Can FDG PET/CT optimize therapy in patients with drug-sensitive pulmonary tuberculosis in patients who have completed a standard course of anti-tuberculous therapy?

Introduction: Pulmonary residual metabolic activity (RMA) is prevalent on FDG PET/CT imaging of patients who completed a standard course of anti-tuberculous therapy (ATT) for pulmonary tuberculosis (PTB). RMA has an association with tuberculosis relapse. We aimed to evaluate the impact of RMA on EOT FDG PET/CT in patients with PTB after completing a standard course of ATT.

Methods: Approval for this study was granted by the Ethics Committee of the University Hospital of Pretoria.We prospectively recruited patients who were declared cured based on clinical and microbiological assessment after completing a standard course of ATT . All patients subsequently underwent [¹⁸F]F-FDG PET/CT within two weeks of completing ATT. We determined the proportion of patients who had RMA in the lungs as well as CT features suggestive of active PTB including lung consolidation, pulmonary nodules, lung changes in tree-in-bud pattern, hilar/mediastinal lymphadenopathy, and pleural effusion. All patients were followed up for 6 months to evaluate for relapse. Confirmatory bacteriologic testing was performed in patients with suspected relapse who demonstrated symptoms. In those who relapsed, a repeat FDG PET/CT imaging was subsequently performed.

Results: We studied 75 patients including 50 HIV-infected individuals with a mean age of 36.09 ± 10.49. Median CD4 count among HIV-infected patients was 255 cells/mm³ (IQR: 147– 448). HIV viral load was 12497 copies (IQR:158-38841). HIV-infected patients had lower hemoglobin levels (13.07±1.78 g/dL versus 14.24±2.07, p=0.021) and higher C-reactive protein levels (5.70 versus 1.20, p=0.001) compared with HIV-uninfected patients. All other baseline clinical and demographic characteristics were not significantly different between the groups. Forty-one patients had RMA and its incidence was not significantly different between HIV-infected and uninfected patients (p=0.101).Thirty-four patients demonstrated complete metabolic response (CMR) to ATT. In the RMA group, 3 patients relapsed on follow-up, whereas no tuberculosis relapse was demonstrated in those with CMR. Among the four CT features of active PTB, only metabolically active nodes were more prevalent among HIV-infected compared with uninfected patients (50.0% versus 5.9%, p=0.003) while the incidence of the other three CT features of active PTB was not significantly different between HIV-uninfected patients with RMA versus HIV-uninfected patients (P>0.05 in all cases).

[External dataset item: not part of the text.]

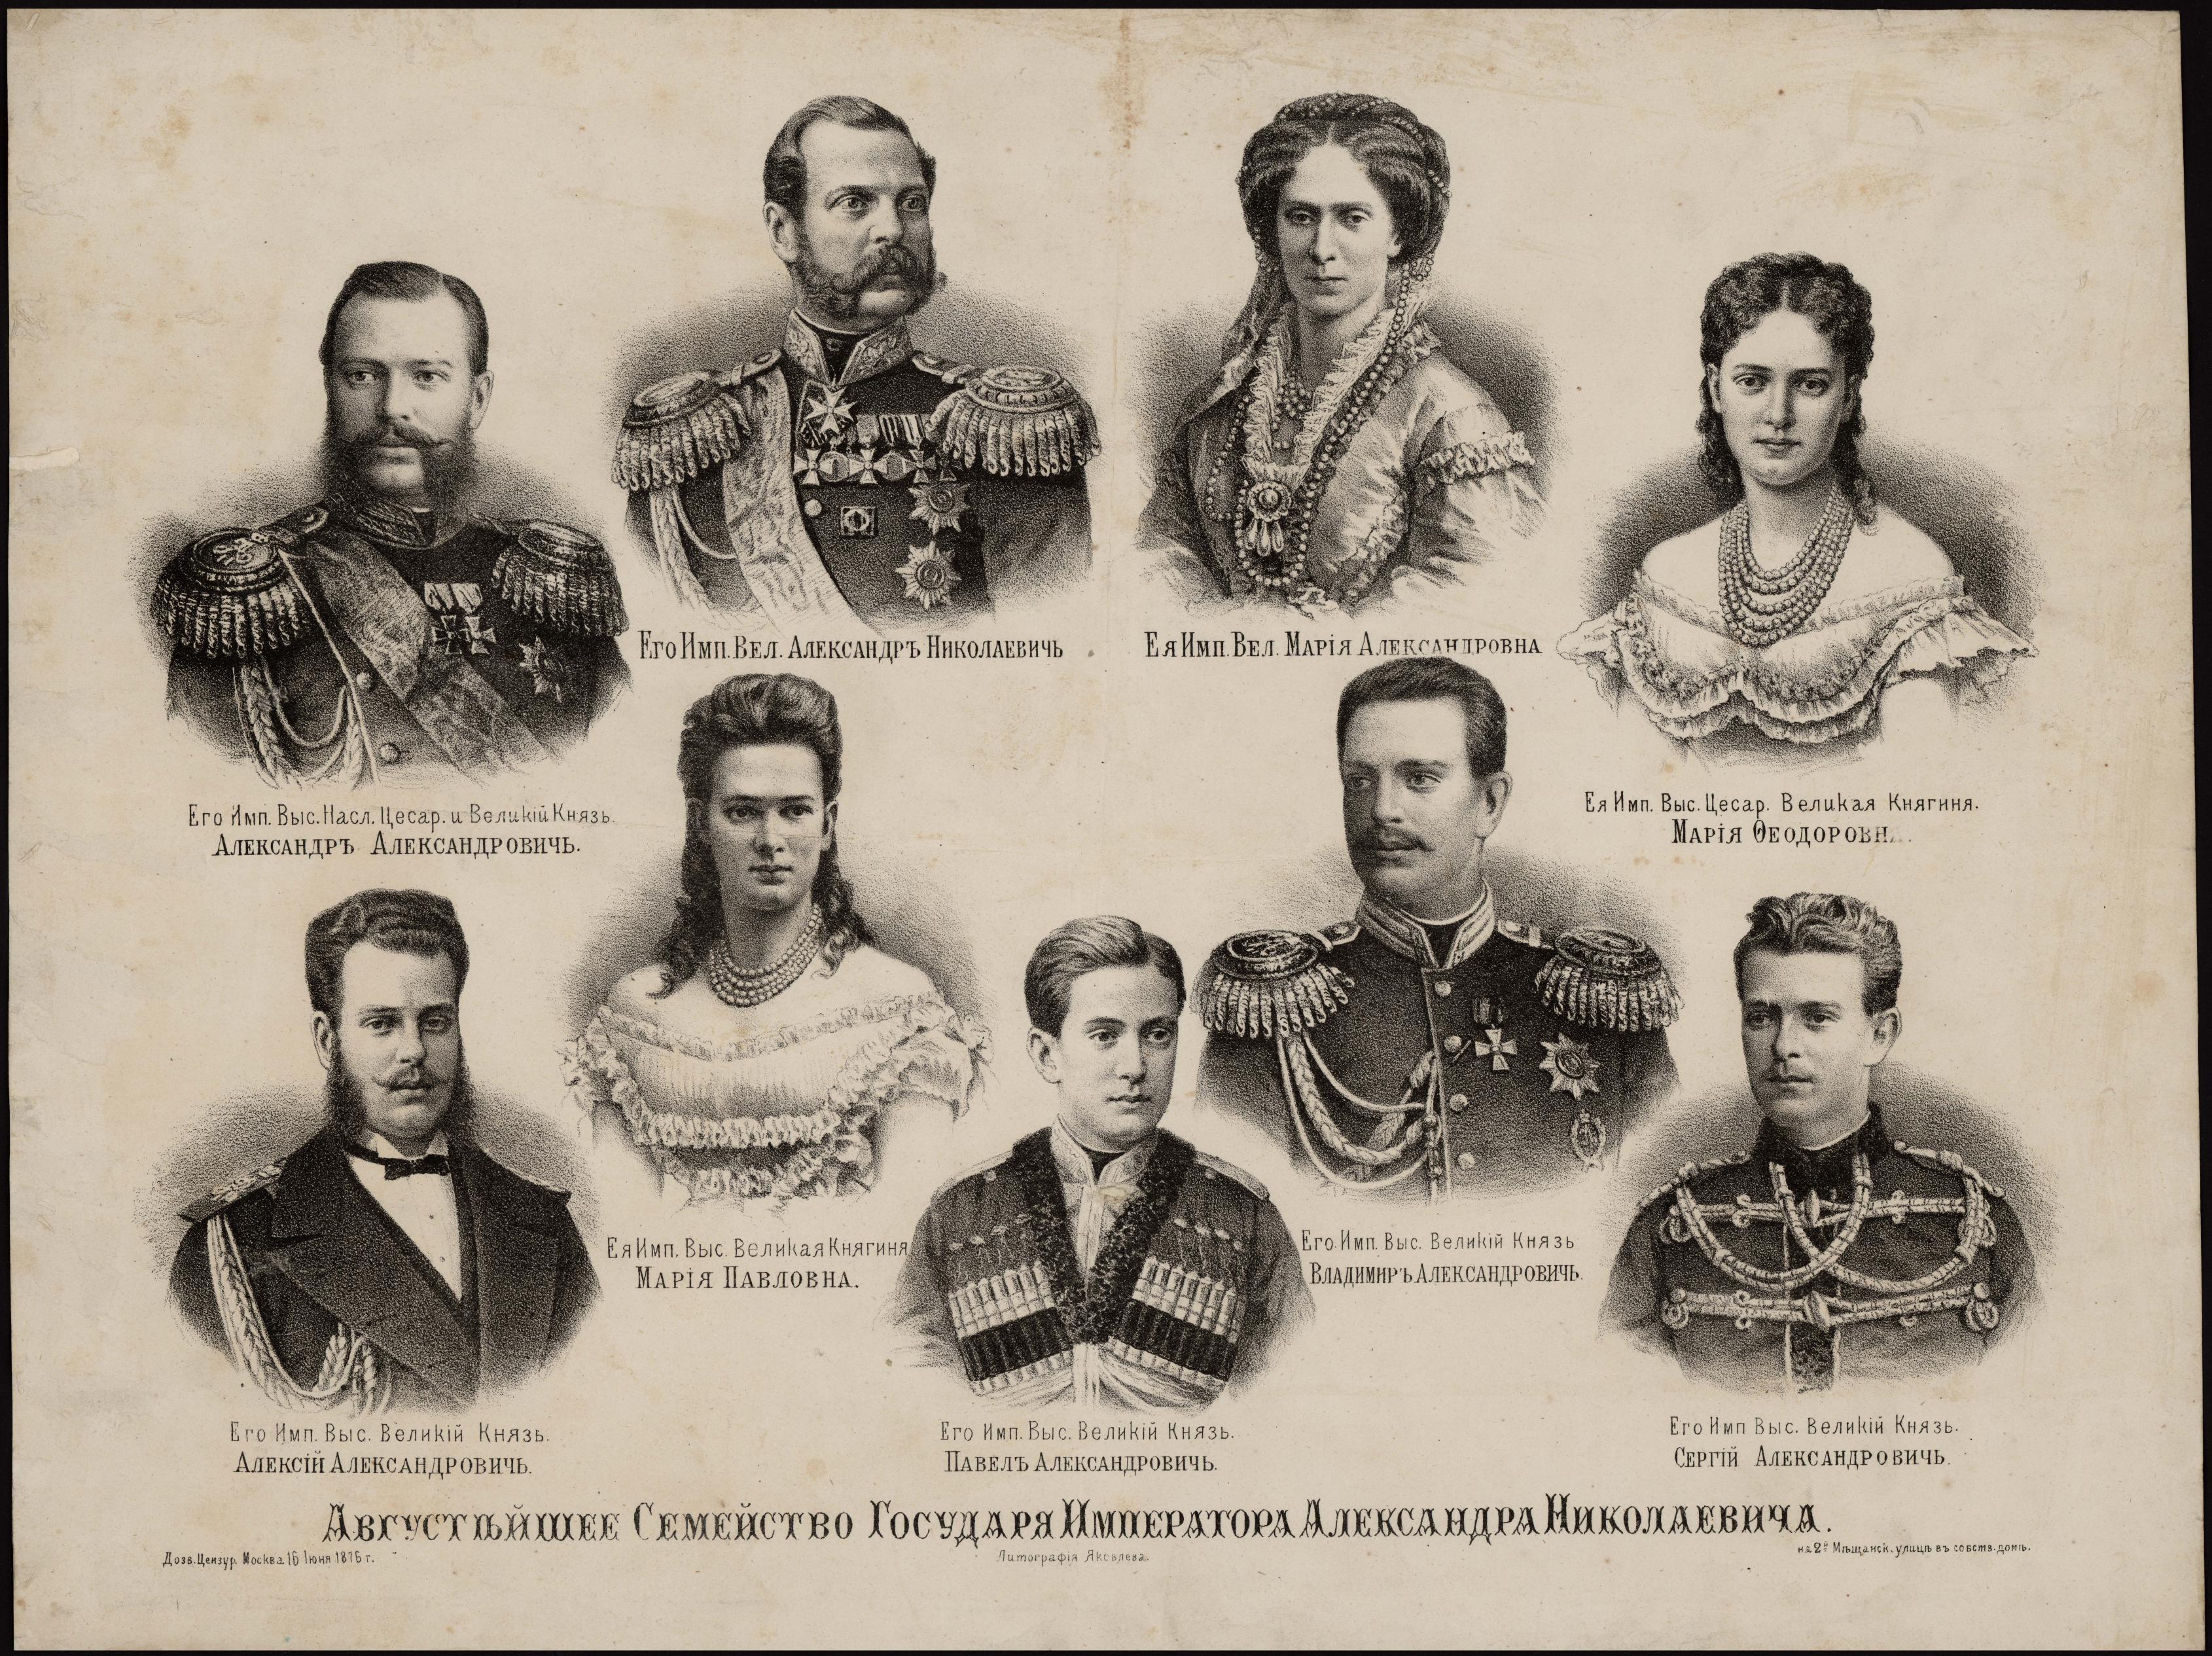 1876. Августейшее семейство Государя Императора Александра Николаевича

Conclusions: FDG PET/CT imaging demonstrates a high prevalence of RMA among patients treated with a standard course of ATT for PTB, with a similar incidence between HIV-infected and uninfected patients. The risk of relapse within 6 months after completing ATT in patients with CMR is negligible. This study further iterates the potential of FDG PET-CT imaging in determining the optimal treatment duration in the management of patients with drug-sensitive PTB. However, tuberculosis relapse may be seen in 9% of patients within 6 months of completing ATT. The incidence of CT lung changes suggestive of active PTB was similar between the groups, indicating that the presence of HIV coinfection may not influence the interpretation of EOT FDG-PET/CT obtained for PTB treatment response assessment.